The Telltale Words That Could Identify Generative AI Text 43

Posted by msmash on Monday July 01, 2024 @12:55PM from the jig-is-up dept.

A new study suggests at least 10% of scientific abstracts in 2024 were processed using large language models, researchers from the University of Tubingen and Northwestern University report. Analyzing 14 million PubMed abstracts from 2010-2024, the team identified an unprecedented surge in certain "style words" following LLMs' widespread adoption in late 2022.

Words like "delves" and "showcasing" saw a 25-fold and 9-fold increase respectively in 2024 abstracts compared to pre-LLM trends. Common terms such as "potential" and "findings" also spiked in usage.

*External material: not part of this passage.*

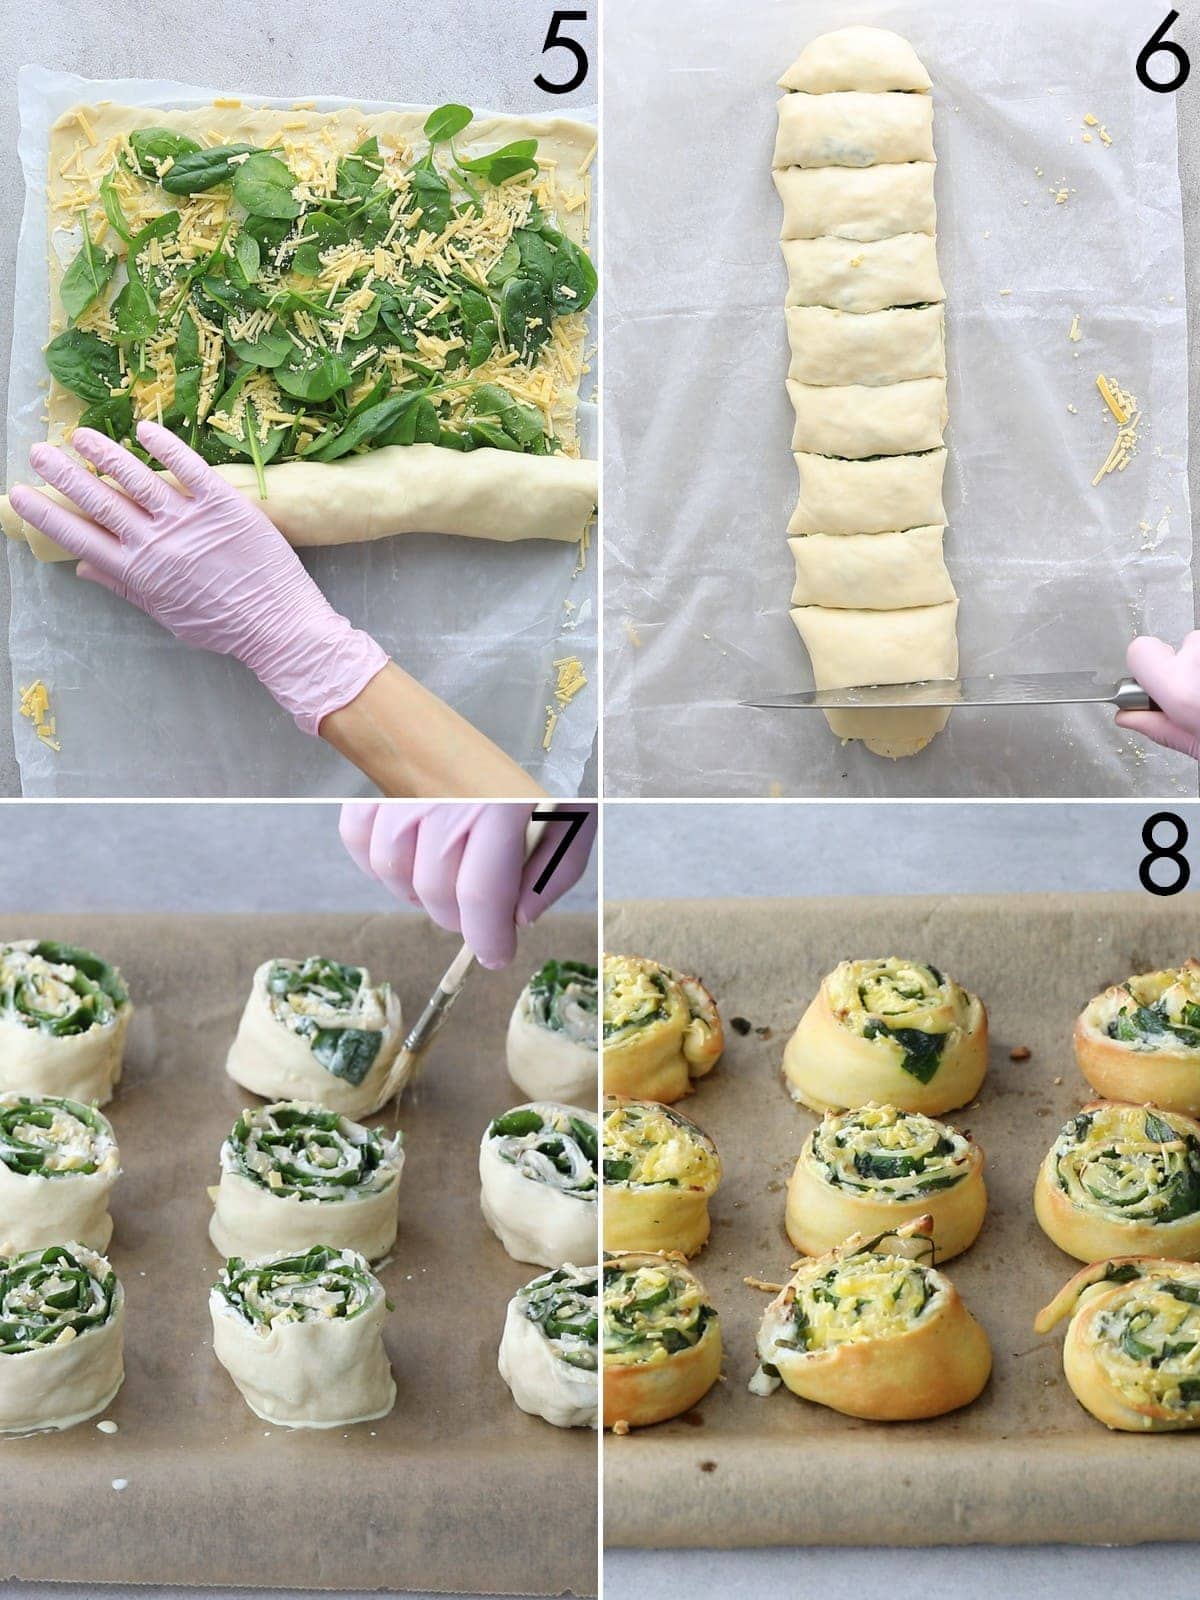 4 Schritt für Schritt Bilder der Herstellung von Spinat-Pizzabrötchen

The researchers drew parallels to studies measuring COVID-19's impact through excess deaths, applying a similar methodology to detect "excess word usage" in scientific writing.

The Telltale Words That Could Identify Generative AI Text

This discussion has been archived. No new comments can be posted.

Load All Comments

Search 43 Comments Log In/Create an Account

Comments Filter:

maybe (Score:4, Interesting)

by groobly ( 6155920 ) writes: on Monday July 01, 2024 @01:00PM (#64592543)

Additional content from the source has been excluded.